Amerikan Astronomi Derneği'nin Seattle kentinde düzenlenen yıllık toplantısında sunulan ve "Nature" dergisinde yayımlanan çalışma, yaşlandıkça dönüş hızları yavaşlayan yıldızların yaşının yüzde 10 hata payıyla belirlenmesini sağlıyor. Harvard-Smithsonian Astrofizik Merkezi araştırmacıları, 2009'da uzaya fırlatılan Kepler teleskobunun gönderdiği görüntülere kullanarak 1 milyar yaşındaki yıldızkümesinde yer alan 30 yıldızın dönüş hızını ölçtü.

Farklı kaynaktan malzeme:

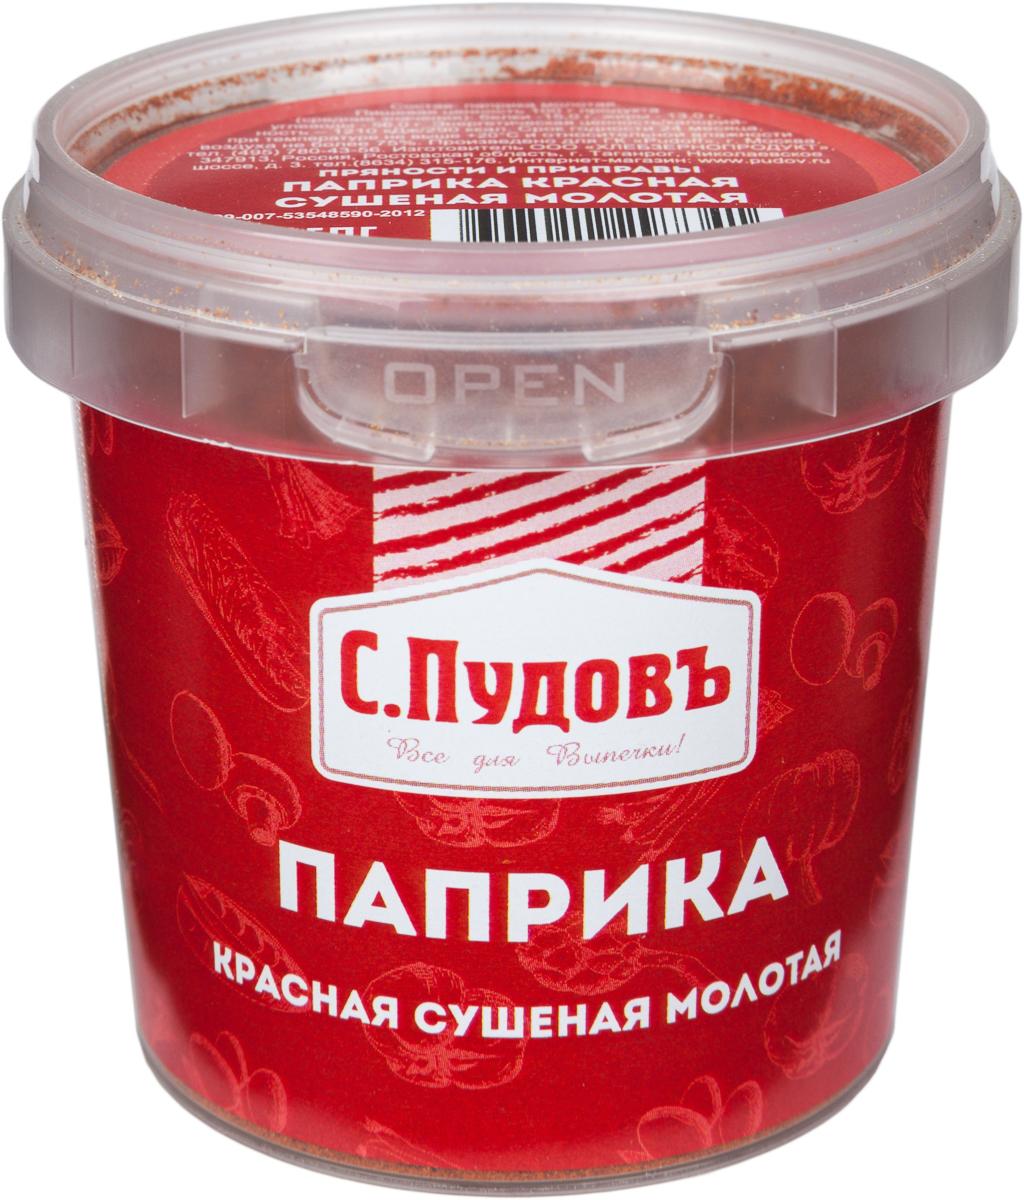 Пудовъ паприка красная сушеная молотая, 80 г паприка красная сушёная 50 г китай

Araştırmacılar, geliştirdikleri yöntemi "soğuk yıldızlar" olarak adlandırılan gökcisimlerine uyguladı. Güneş büyüklüğünde ya da daha küçük olan "soğukyıldızlar", Dünya'nın da içinde bulunduğu Samanyolu Galaksisi'nde en çok rastlanan gökcisimleri olarak biliniyor. Soğuk yıldızların büyüklüğü, kütlesi, parlaklığı ve sıcaklığı değişime uğramıyor. Araştırmayı yöneten Soren Meibom, "Soğuk yıldızlar, sokak lambalarına benziyor ve galaksimizin en yaşlı bölgelerine bile ışık tutuyor. Soğuk yıldızlar, gençken çok hızlı dönüyor. Dönüş hızları, yaşlandıkça azalıyor" dedi.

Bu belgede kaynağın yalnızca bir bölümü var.